The latest projection from a University of Virginia political science team points to a dead-even 2020 race, with each party leading in states totaling 248 electoral college votes, 22 short of the 270 needed for election.
The division is reflected in the House, where the vote Thursday to formalize the impeachment inquiry passed almost entirely on party lines -more partisan than any of the three previous impeachment votes in US history.
As that inquiry proceeds, Trump has lashed out in increasingly angry, personal and crude terms, seeking to damage his political foes while energizing a fiercely loyal base.

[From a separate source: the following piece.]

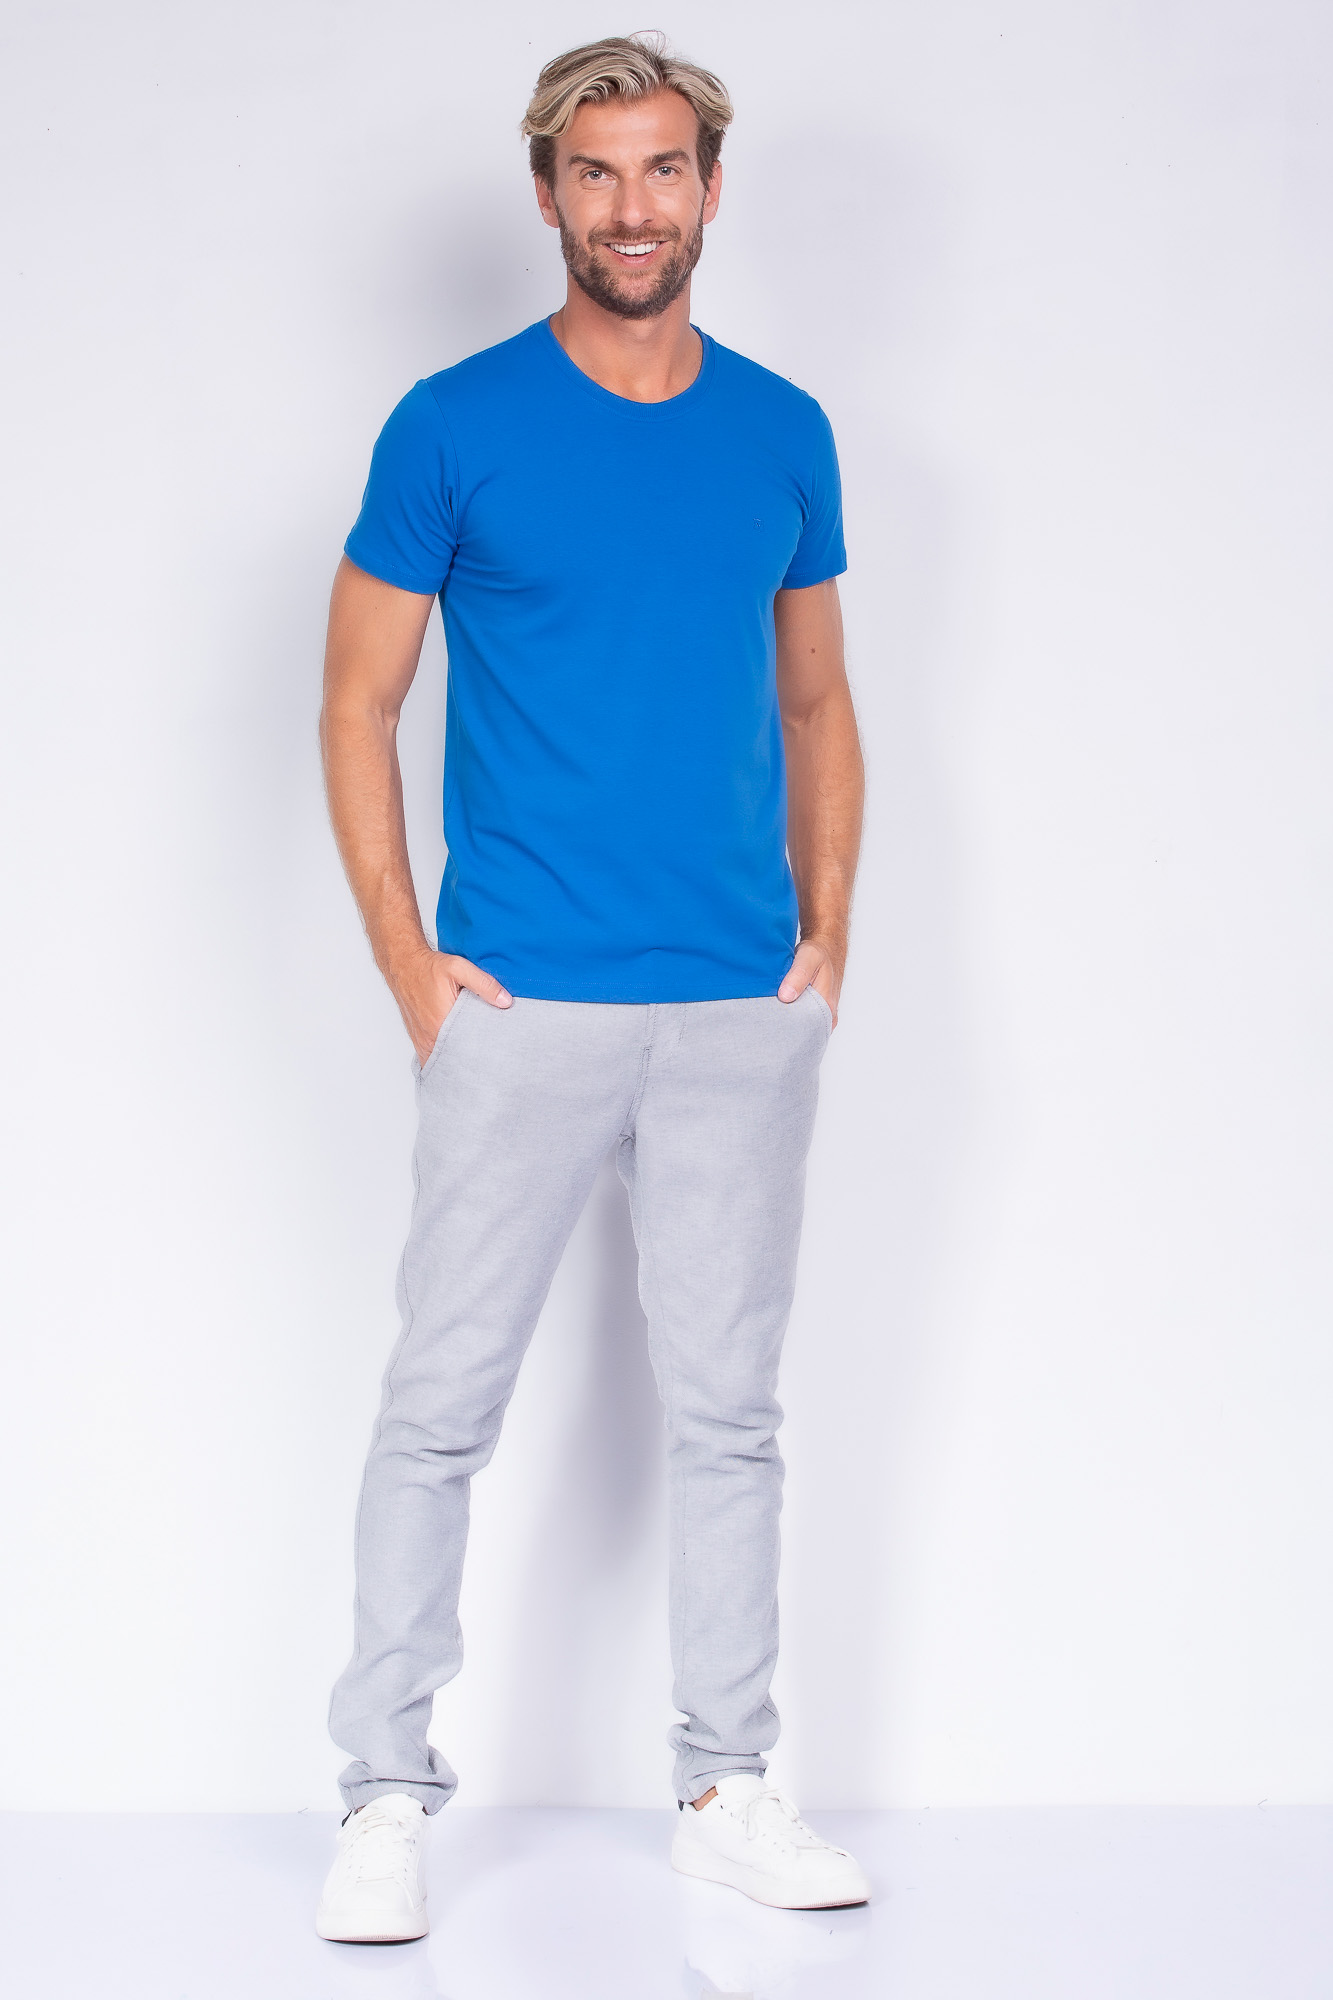 Camiseta cottonFlex azul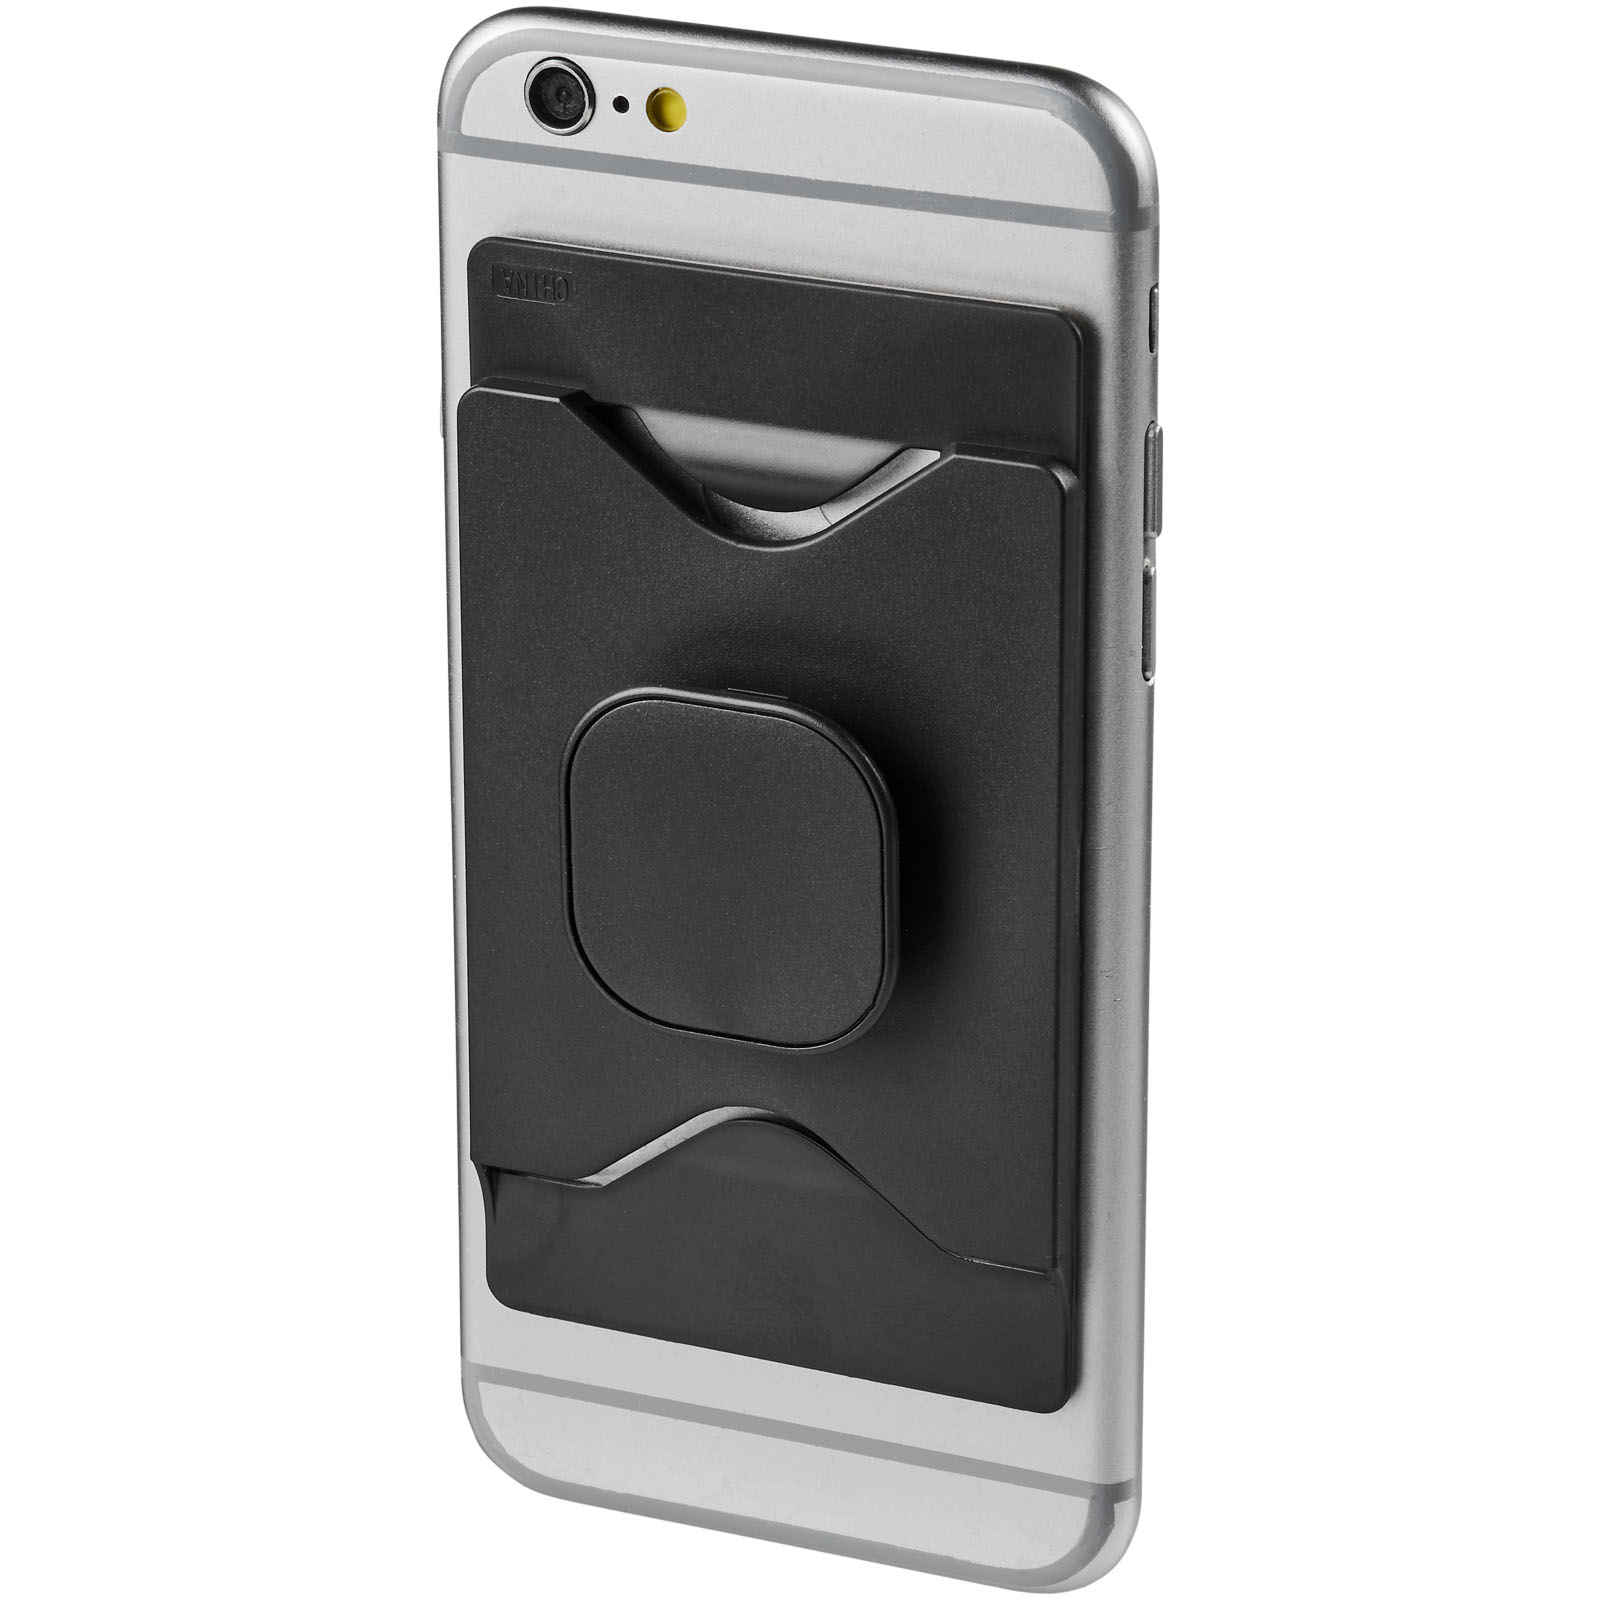 Cavalletto adesivo per smartphone e portafoglio porta carte - Pontida

In a speech Friday in Tupelo, Mississippi, he called Democratic leaders “mentally violent,” denounced the impeachment inquiry as a “hoax” and said former vice president Joe Biden, once a Democratic frontrunner, was getting “slower and slower.”
Trump has even retweeted, with apparent approval, a warning by an evangelical pastor that his impeachment could “cause a Civil War like fracture in this Nation.”
Amid all the furor, the top Democratic candidates have struggled for a share of the spotlight while anxiety grows among some in the party that a clear, strong challenger with mainstream appeal has yet to emerge.
That survey put Senator Elizabeth Warren in the lead, at 22 percent, followed by Senator Bernie Sanders, at 19 percent, with a surging Pete Buttigieg, mayor of South Bend, Indiana, at 18 percent, one point ahead of the far better-known Biden.
But many Democrats fear Warren and Sanders are too liberal to win in a nationwide vote, and that Buttigieg – who has struggled to widen his appeal beyond a core of white, liberal voters – might not be electable. That also means less attention on the Democrats’ top issues, including health care, gun control and immigration reform.